Düsseldorf (ots) Donnerstag, 15. Juli 2021 – Eine leicht ver­letzte Person, hoher Sachschaden und erheb­li­che Verkehrsstörungen sind die Bilanz eines Verkehrsunfalls von heute Vormittag bei Jüchen auf der A44 zwi­schen dem Autobahnkreuz Holz und dem Dreieck Jackerath.

Den ers­ten Ermittlungen zufolge stand der litaui­sche Sattelzug eines 42-​Jährigen aus Weißrussland mit einer Reifenpanne auf dem Seitenstreifen. Der Fahrer eines nach­fol­gen­den Sattelzuges, ein 24-​Jähriger aus den Niederlanden, kam aus bis­lang unge­klär­ter Ursache nach rechts von der Fahrbahn ab.

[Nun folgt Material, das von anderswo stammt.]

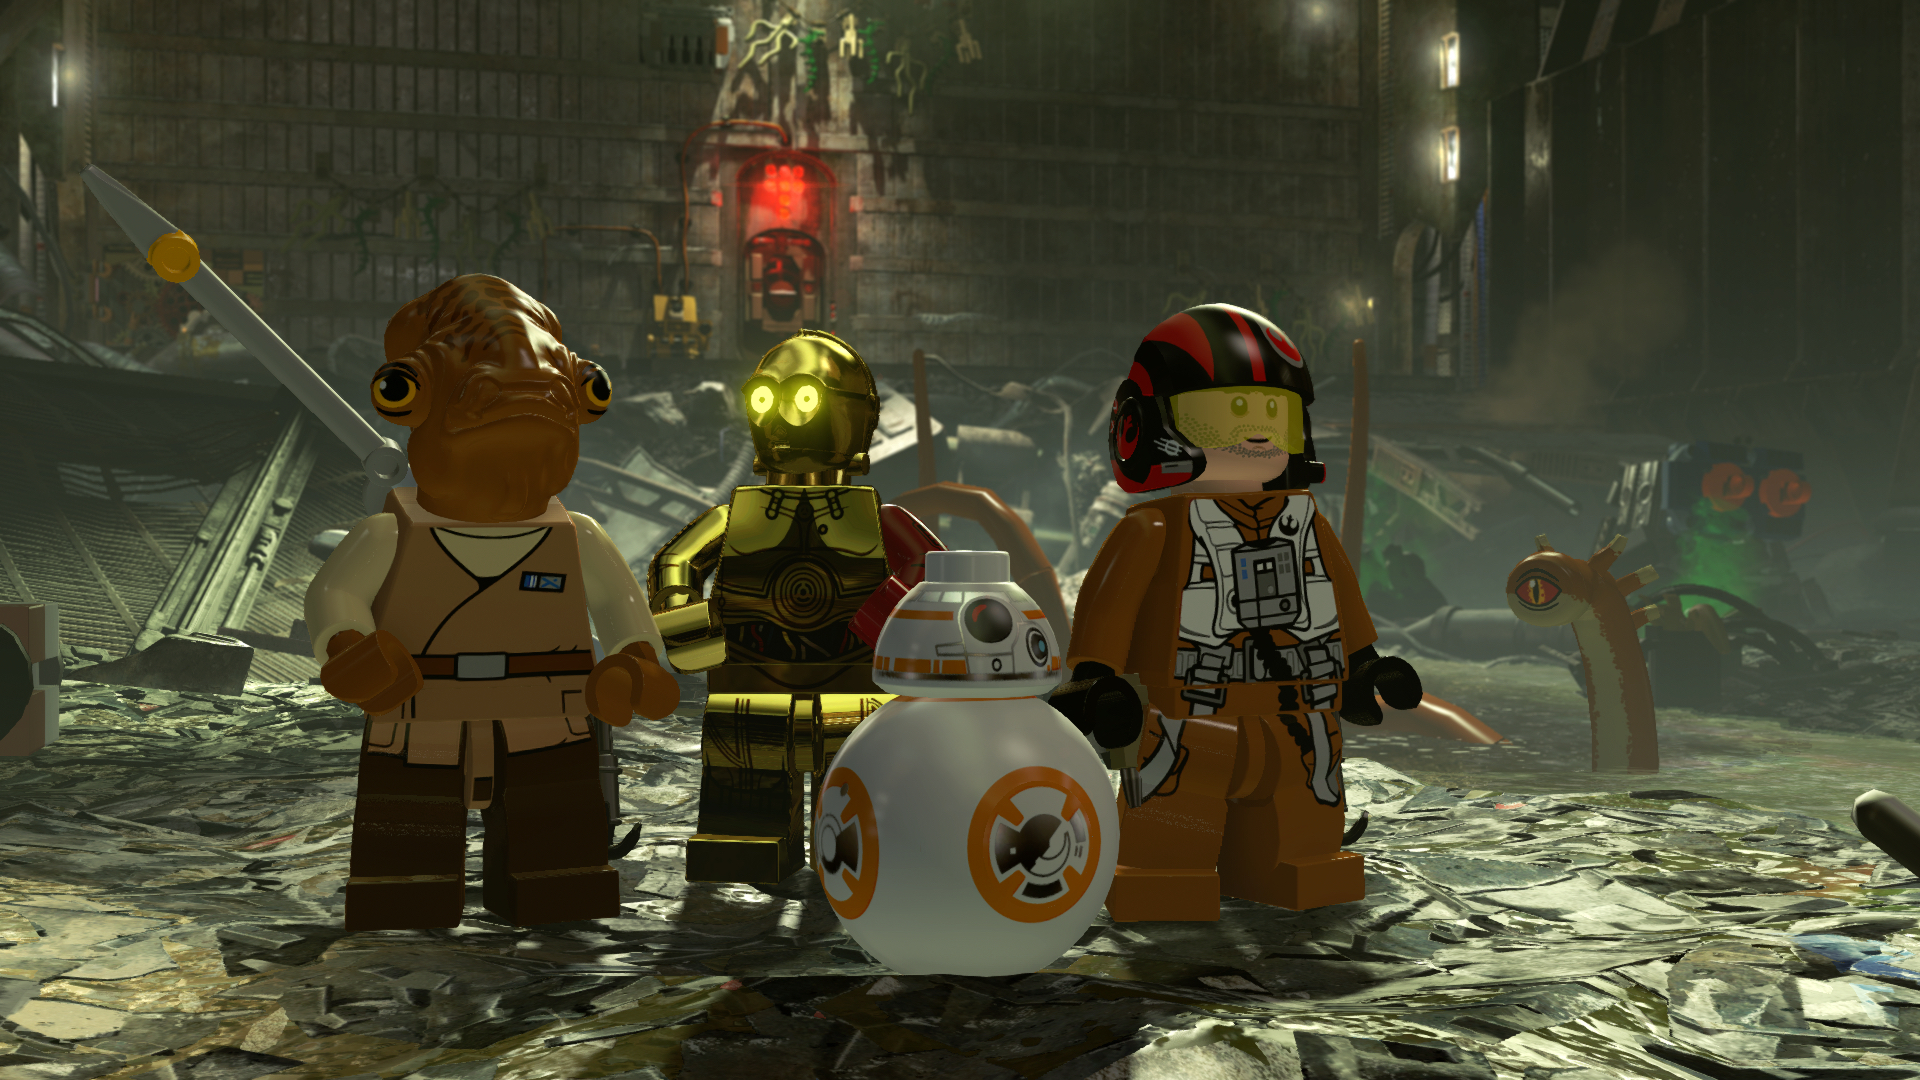 Les environnements sont aussi détaillés que les personnages - LEGO Star Wars The Force Awakens
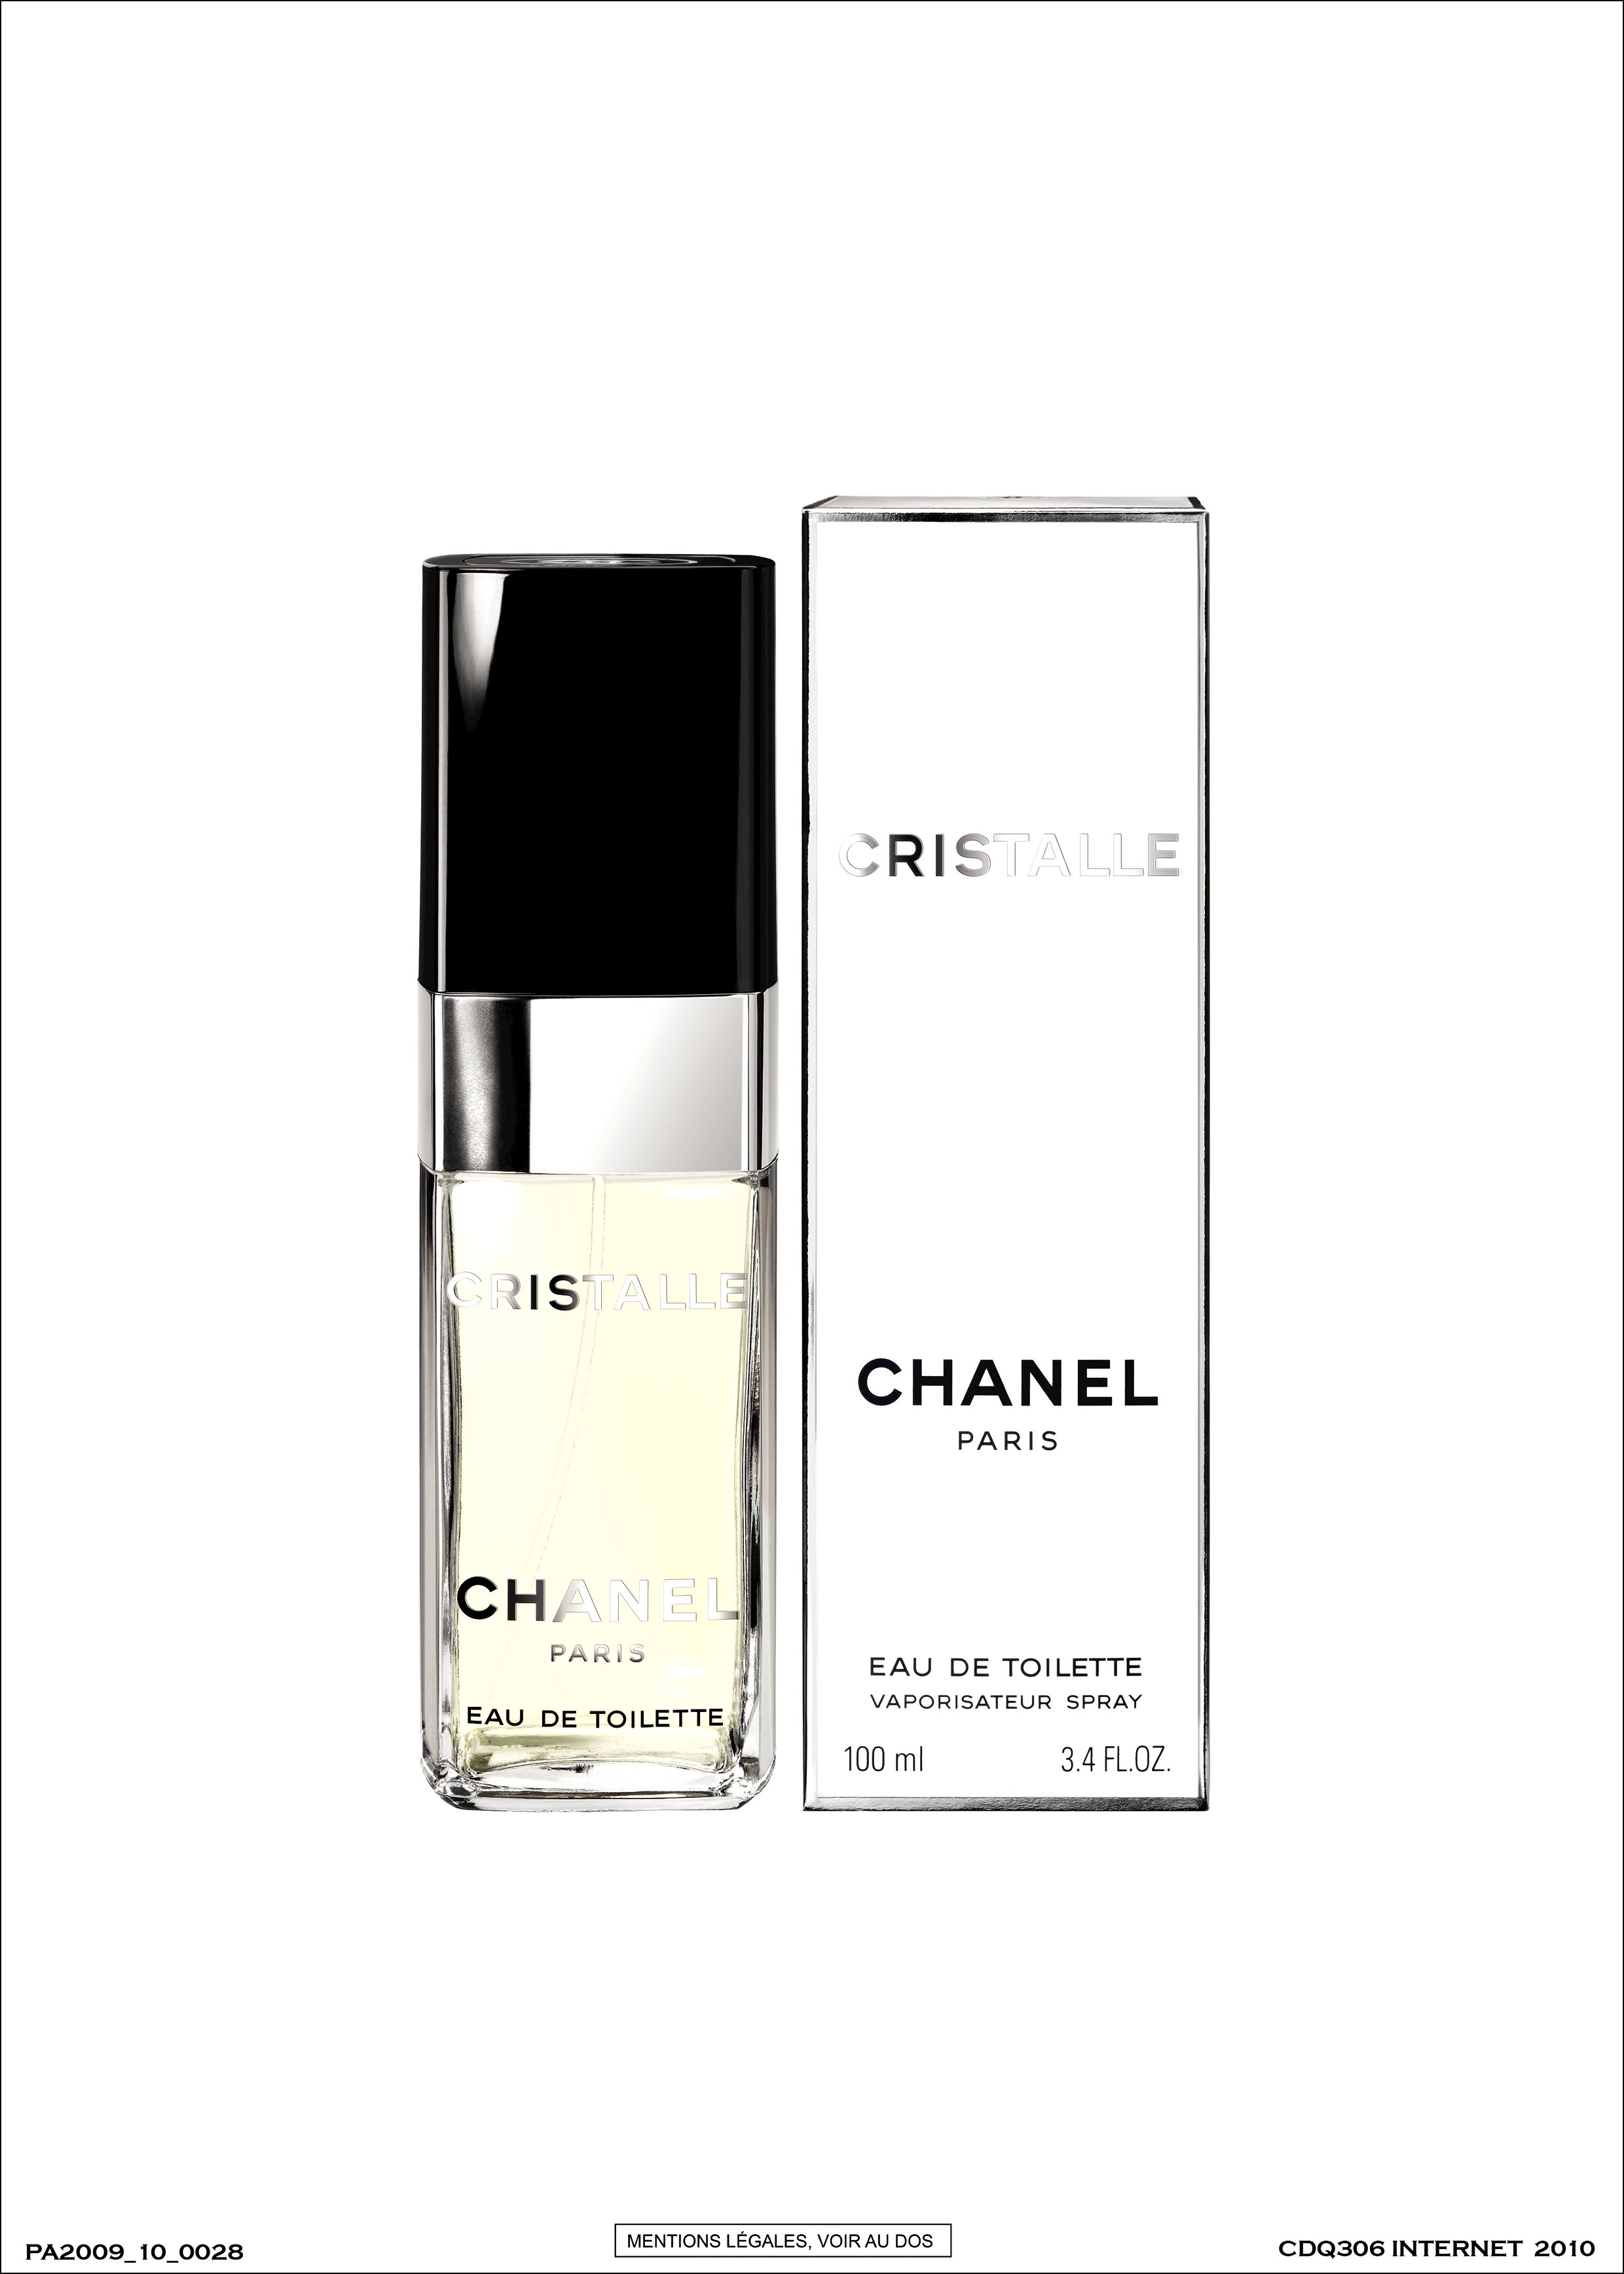 Chanel Cristalle, Eau de Toilette

Hierdurch prallte er unge­bremst gegen das linke Heck des litaui­schen Sattelzugs, schrammte an des­sen lin­ker Fahrzeugseite ent­lang und riss dabei des­sen Aufliegerplane ab. Unmittelbar vor dem litaui­schen Sattelzug durch­brach der nie­der­län­di­sche Lkw die rech­ten Schutzplanken und stürzte gut 10 Meter die Böschung hin­un­ter und kippte auf die Seite.

Ein nach­fol­gen­der Pkw wurde durch umher­flie­gende Trümmerteile beschä­digt. Der 24-​Jährige zog sich leichte Verletzungen zu und kam mit einem Rettungswagen in ein Krankenhaus. Der Fahrer aus Weißrussland blieb unverletzt.

Die Ladung des litaui­schen Sattelzugs wurde durch den Aufprall über die Fahrbahn ver­teilt. Der Verkehr staute sich hin­ter der Unfallstelle auf bis zu sechs Kilometer zurück. Die Richtungsfahrbahn Aachen musste bis gegen 11:50 Uhr gesperrt blei­ben. Den Sachschaden schätzt die Polizei auf 250.000 Euro.